MRI and CT control scans were performed one month after surgery and did not show any evolution of the co-infections. At the otorhinolaryngology evaluation, perfect mucosal healing was confirmed without clinical indication of disease progression. After 7 weeks of treatment with liposomal amphotericin B, fungal treatment was switched to isavuconazole.

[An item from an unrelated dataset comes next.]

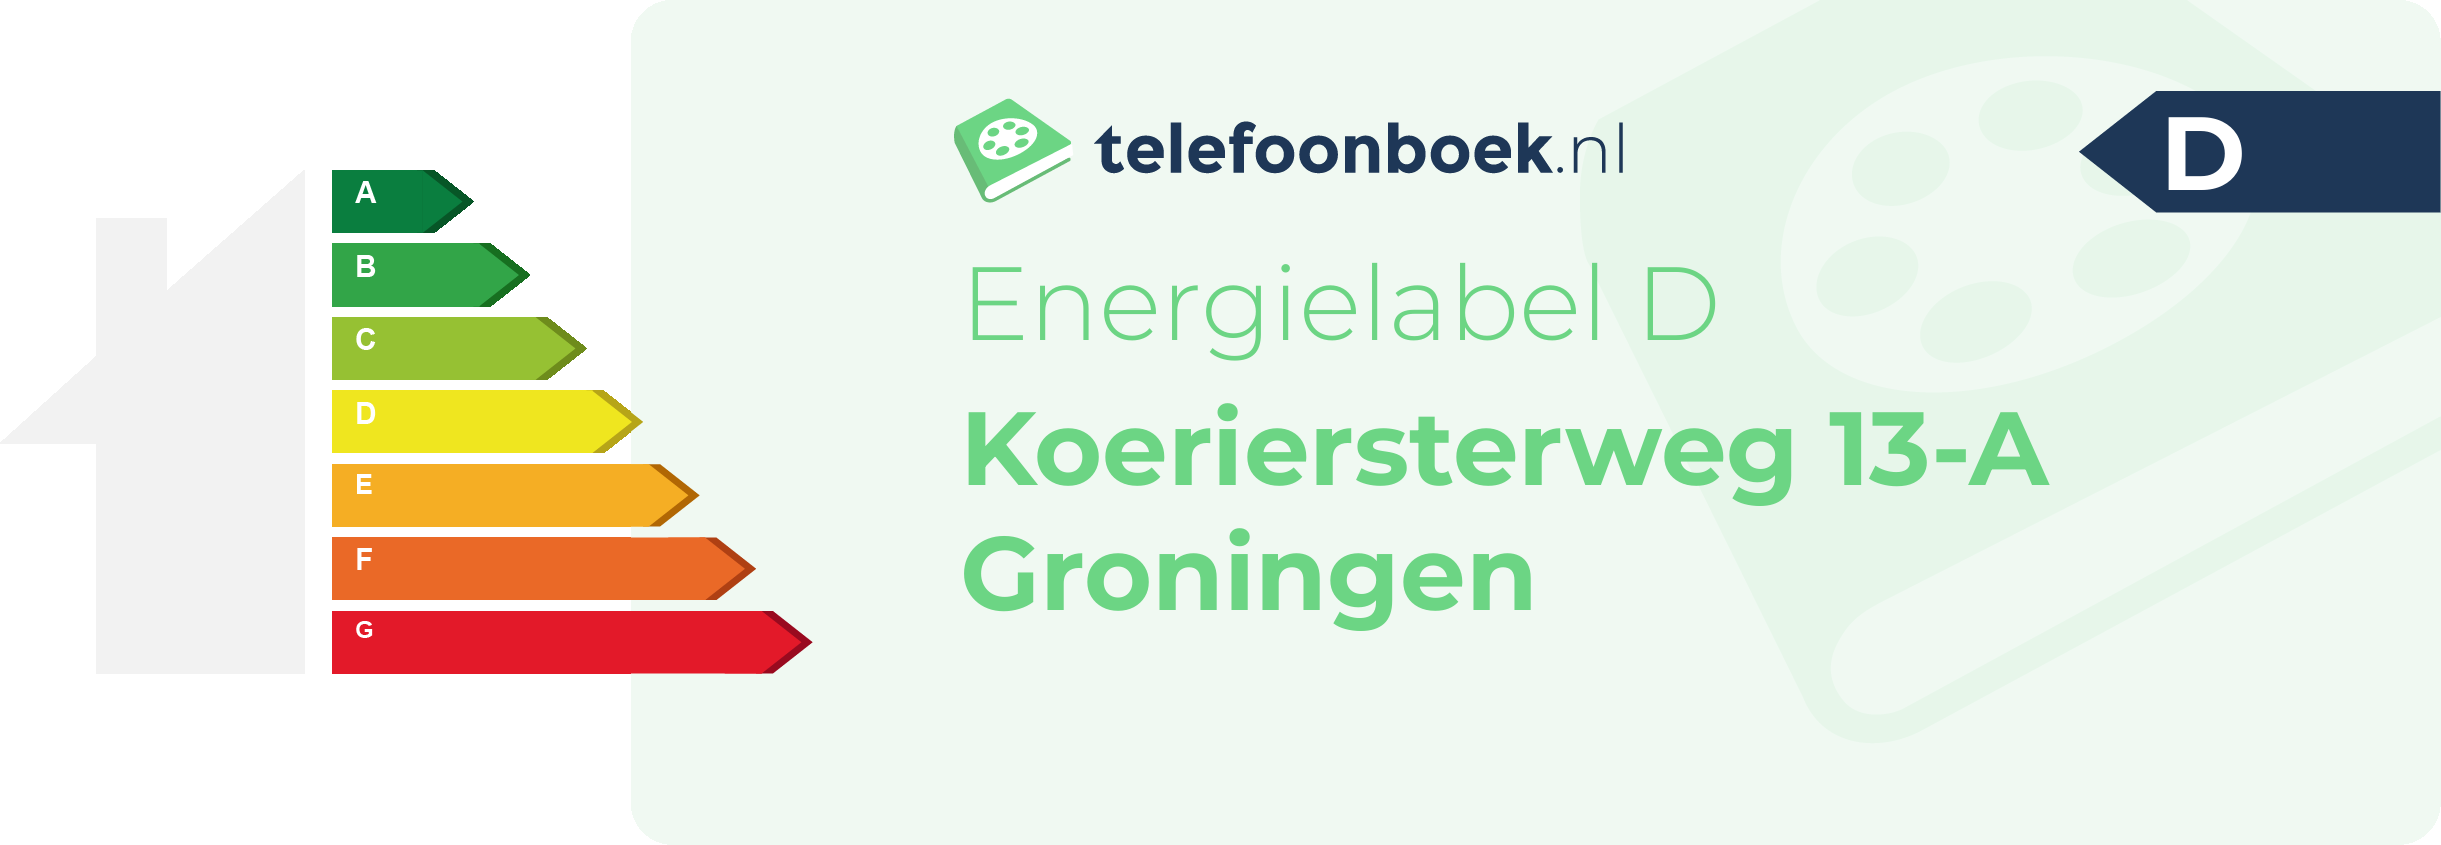 Energielabel Koeriersterweg 13-A Groningen

The patient is currently in good clinical condition,with no signs of progression of the known infection. She was able to continue her therapy for leukemia.

Discussion

IFIs most frequently affect immunocompromised patients, especially those with hematological disease [4]. Despite advances in diagnosis and management, IFIs remain a major cause of high mortality and morbidity. Timely diagnosis and early initiation of antifungal therapy are considered essential for survival of these patients. Our patient developed a palatine lesion with no further symptoms, and the combination of radiological images, lesion characteristics, and the presence of fungal filaments led to early initiation of antifungal treatment. At the time of clinical presentation, several fungal infections were under consideration, such as aspergillosis or mucormycosis. Mucormycosis was then confirmed by molecular diagnosis on the first biopsy performed on the palatine mucosa. Unexpectedly, the culture from biopsy samples identified E. rostratum. In this complex scenario, a proven mould infection was diagnosed according to the criteria set by the European Organization for Research and Treatment of Cancer (EORTC) [1], and attributed to, probably, mucormycosis and E. rostratum.

Upon suspicion of mucormycosis, appropriate imaging to document the extent of disease, followed by surgical resection are strongly recommended. First-line treatment with high-dose liposomal amphotericin B is usually proposed; indeed, our patient was promptly started on the antifungal therapy and underwent two surgical debridements within 48 h. An 8-week antifungal treatment resulted in complete resolution of the infection at the clinical and imaging level. It was then decided to start treatment with isavuconazole, after discontinuing liposomal amphotericin B, based on experimental animal model which demonstrated antifungal efficacy against E. rostratum [5] and known anti-Mucorales activity [6]. Although experts agree on primary prophylaxis of these infections, there are no guidelines on secondary prophylaxis.

The diagnosis of a rhinosinusoidal infection by E. rostratum was confirmed in this French Polynesian patient. The members of the heat-tolerant genus Exserohilum are ubiquitous in tropical and subtropical regions. However, less than ten cases of invasive non-allergic sinusitis due to Exserohilum have been described in the literature in haematological patients, who were typically pediatric and from warm areas [7-11]. In 2012, this fungus was the cause of an outbreak of meningitis associated with contaminated methylprednisolone injections [12]. In this context, susceptibility to liposomal amphotericin B was demonstrated.

It is essential to perform a lesion biopsy and adequate imaging in hematological patients in whom we strongly suspect a fungal infection, in order to start treatment promptly. An aggressive multidisciplinary approach must be taken, comprising experts in oral surgery, infectious disease, microbiology, radiology and pathology. Interestingly, the fast and favorable outcome in our patient allowed the continuation of the ALL treatment.

In conclusion, this is the first case report of invasive fungal rhinosinusitis co-infection due to Mucorales and E. rostratum in a French Polynesian patient with high-risk ALL.